• _What you should do_
Keep the images out while you set down the data exactly.

• _Data below_
*** Block opens ***

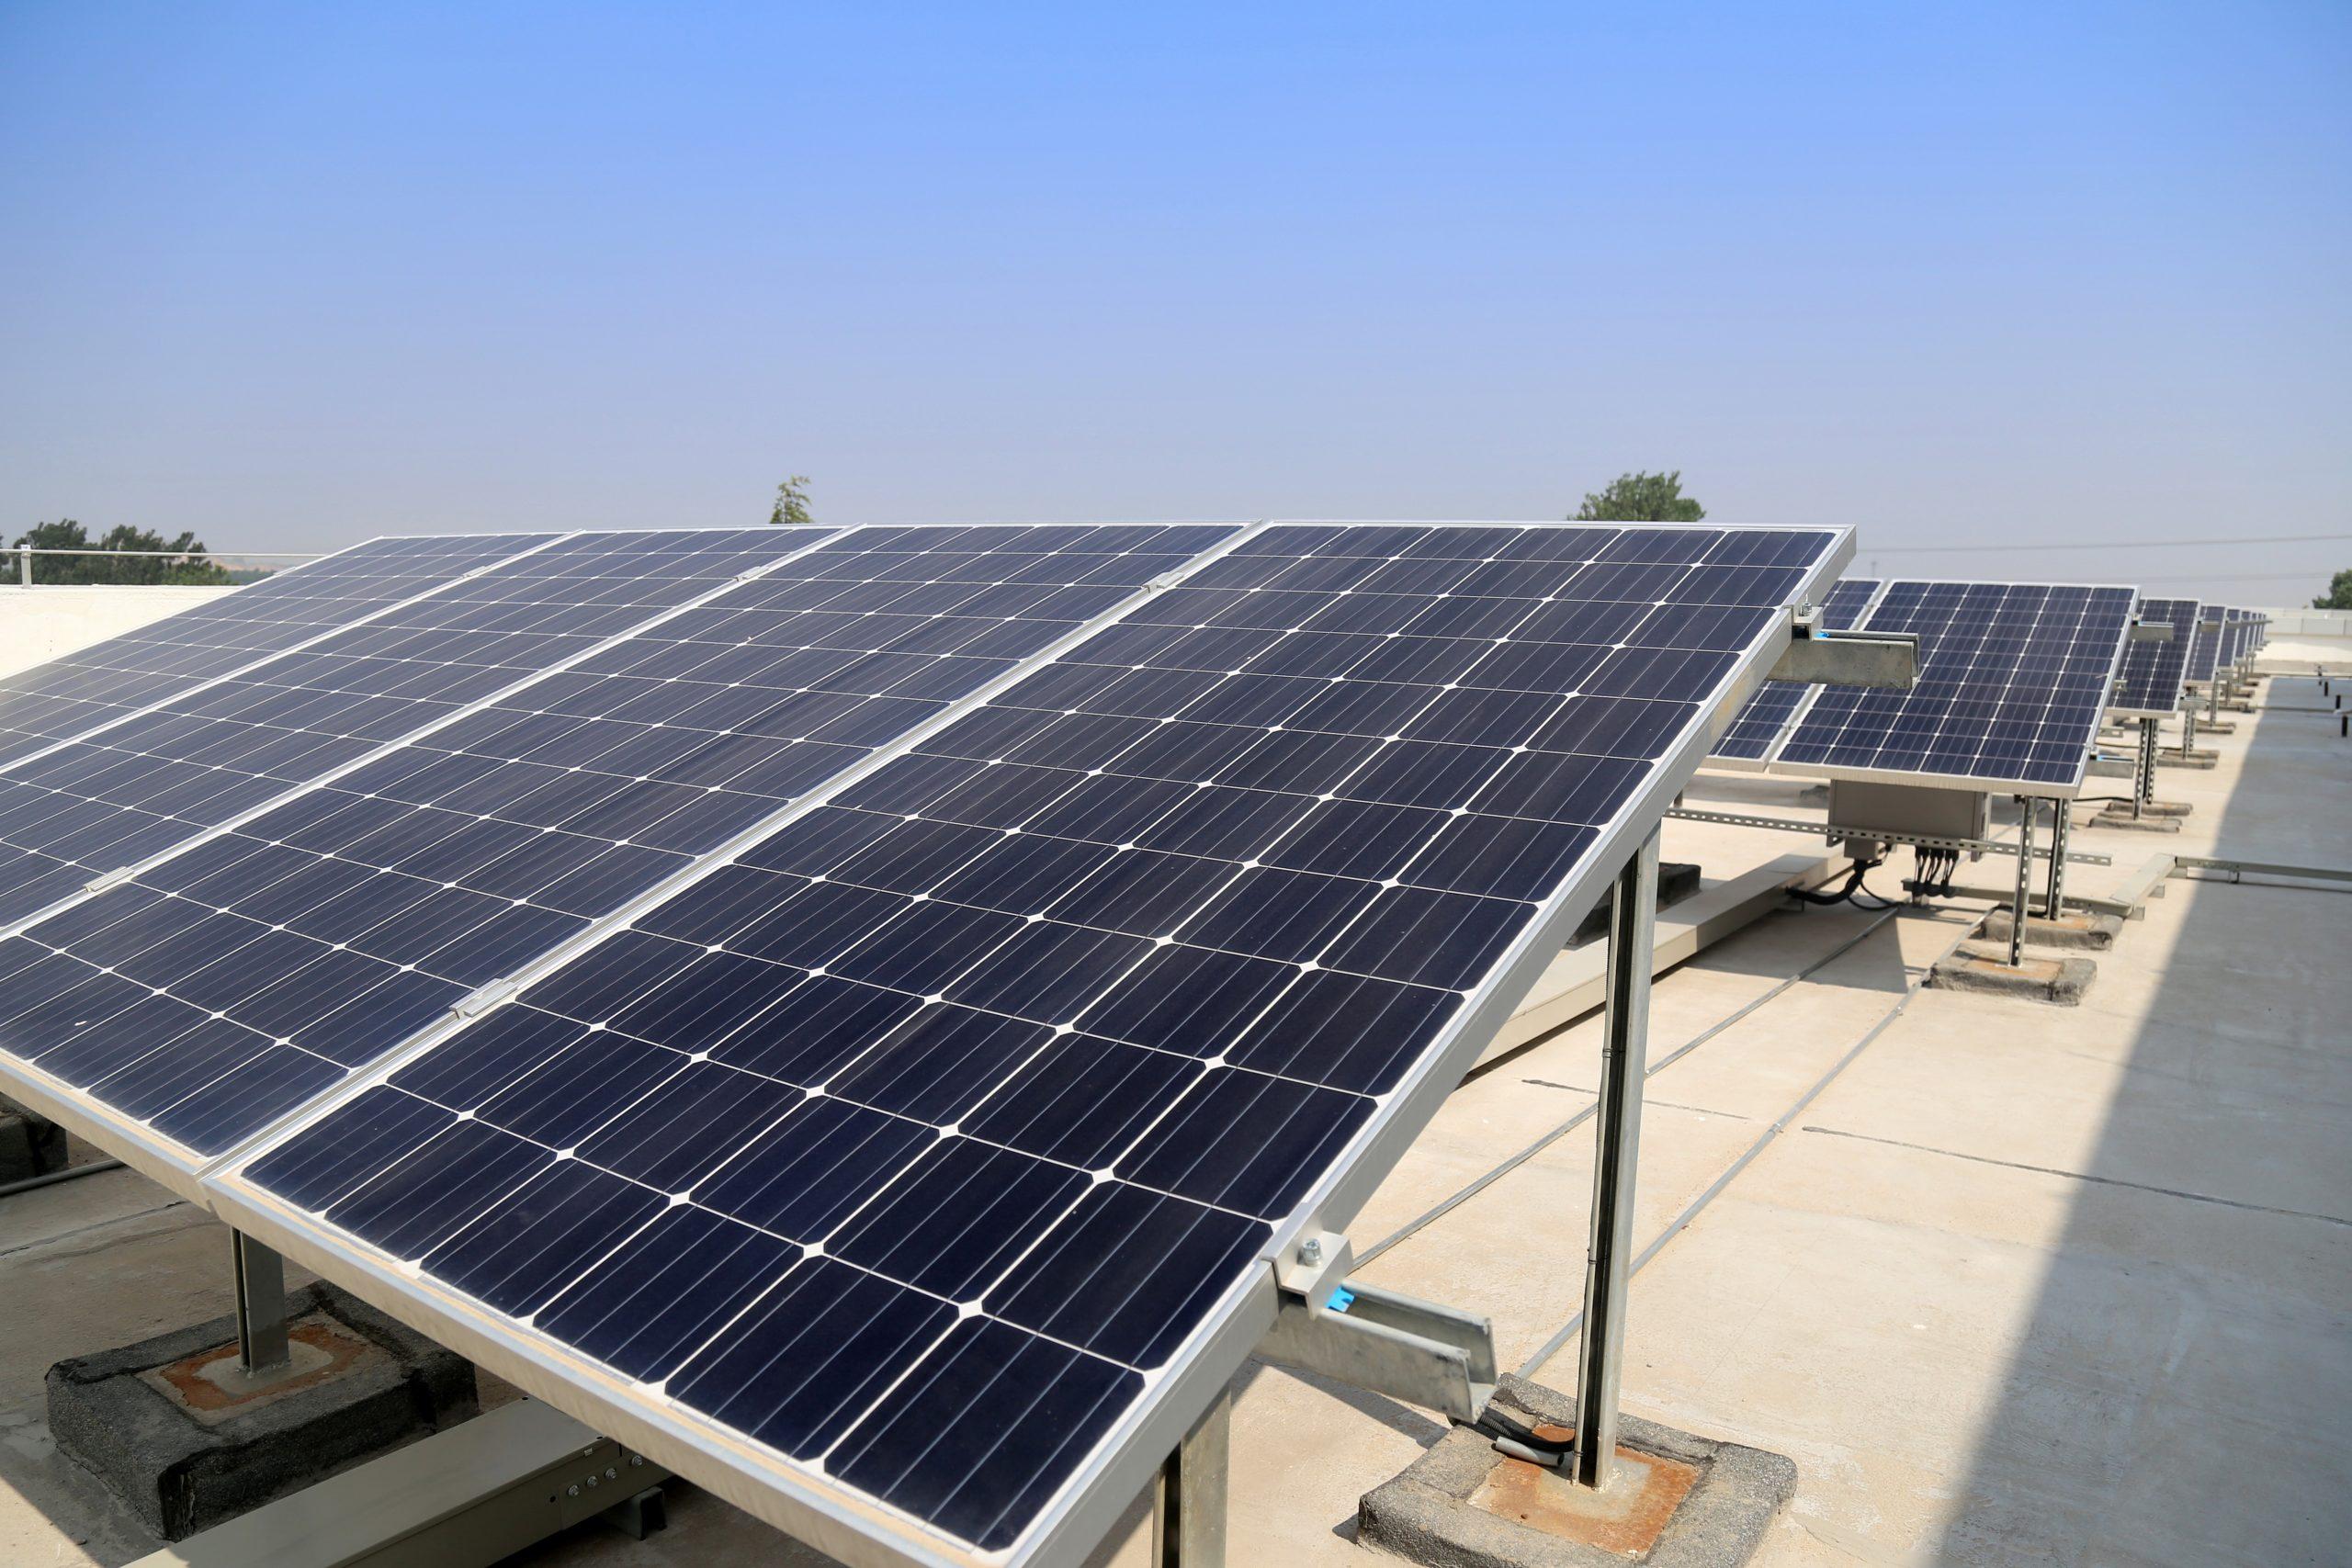 ¿Es rentable el autoconsumo solar fotovoltaico para industrias? - Villa Flores Martín
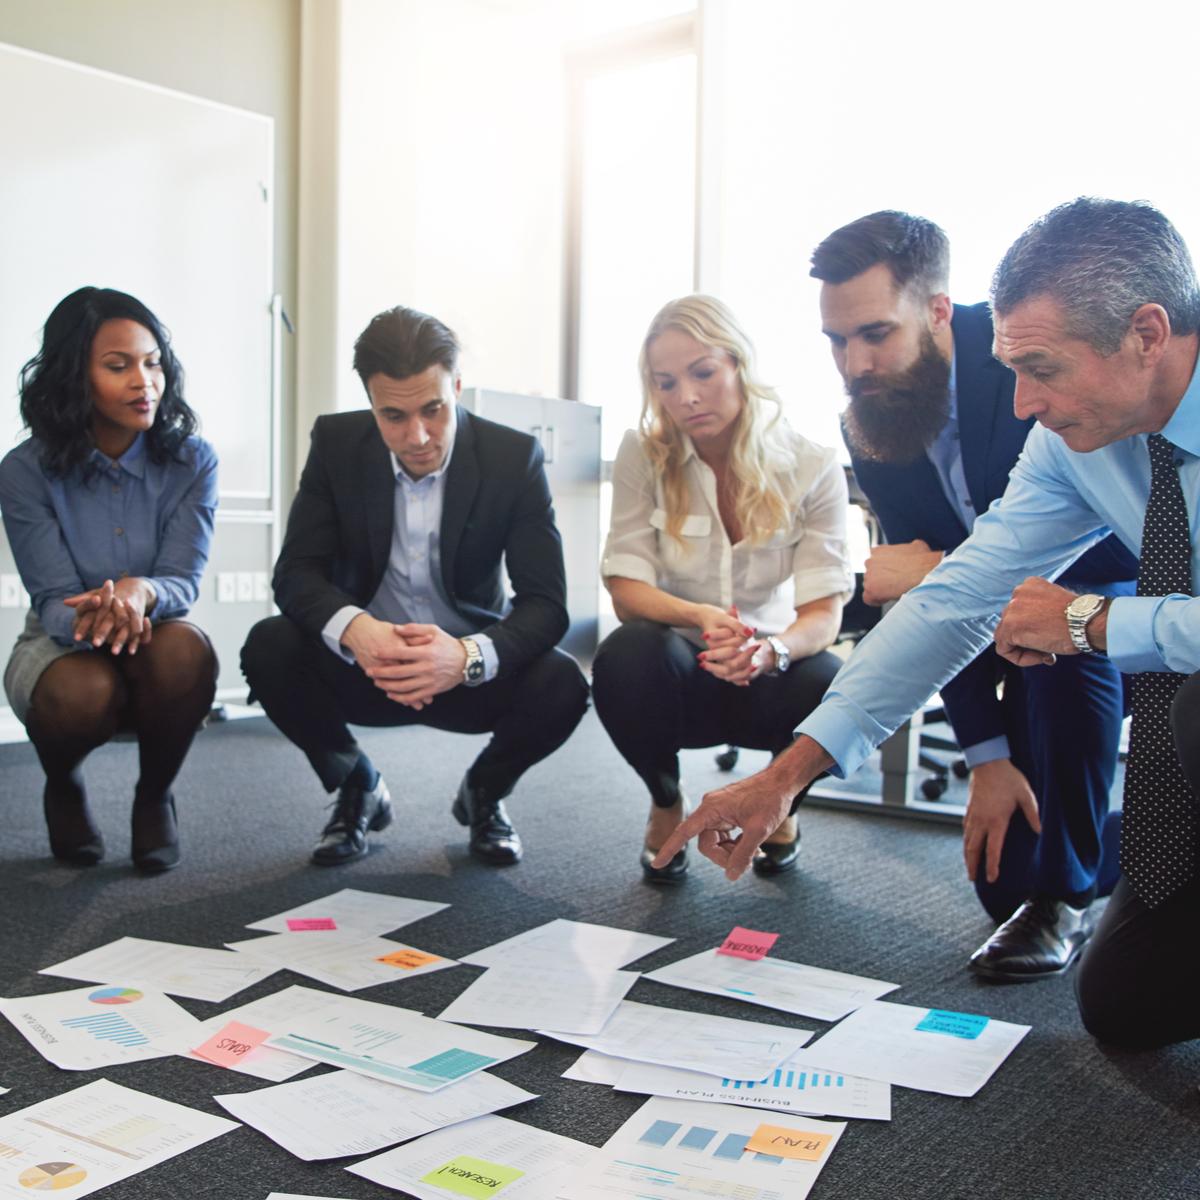 Succesvolle innovatie bij ABN AMRO met het DARE-programma
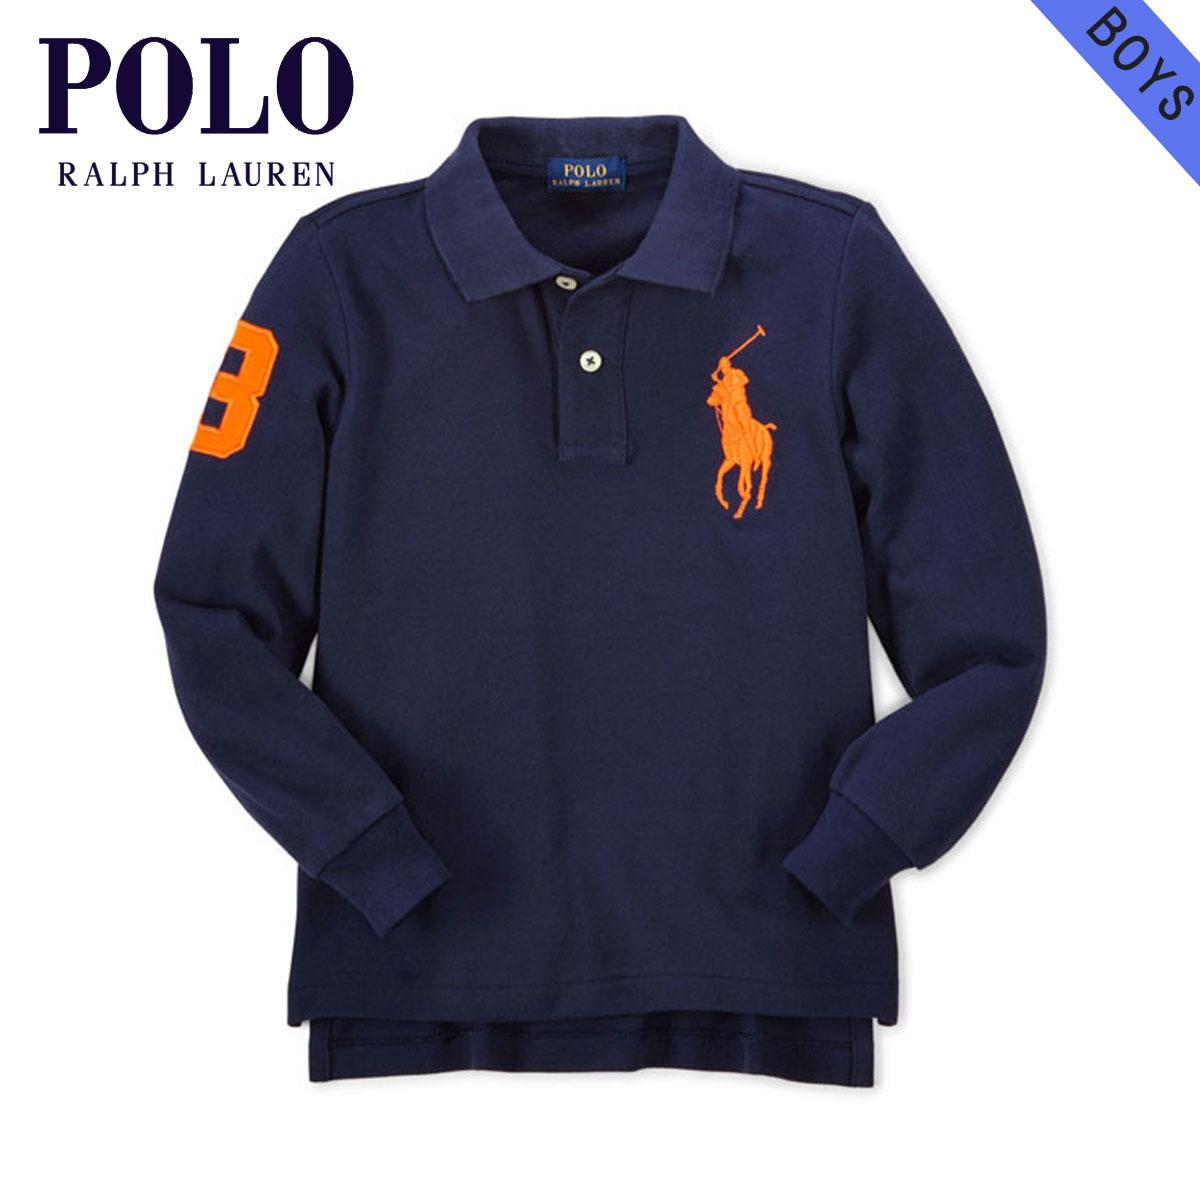 f6a46c87 Polo Ralph Lauren kids POLO RALPH LAUREN CHILDREN regular article children's  clothes boys long sleeves polo ...

*** Block closes ***

• _Task result_
 ¿Es rentable el autoconsumo solar fotovoltaico para industrias? - Villa Flores Martín
 Succesvolle innovatie bij ABN AMRO met het DARE-programma
 f6a46c87 Polo Ralph Lauren kids POLO RALPH LAUREN CHILDREN regular article children's  clothes boys long sleeves polo ...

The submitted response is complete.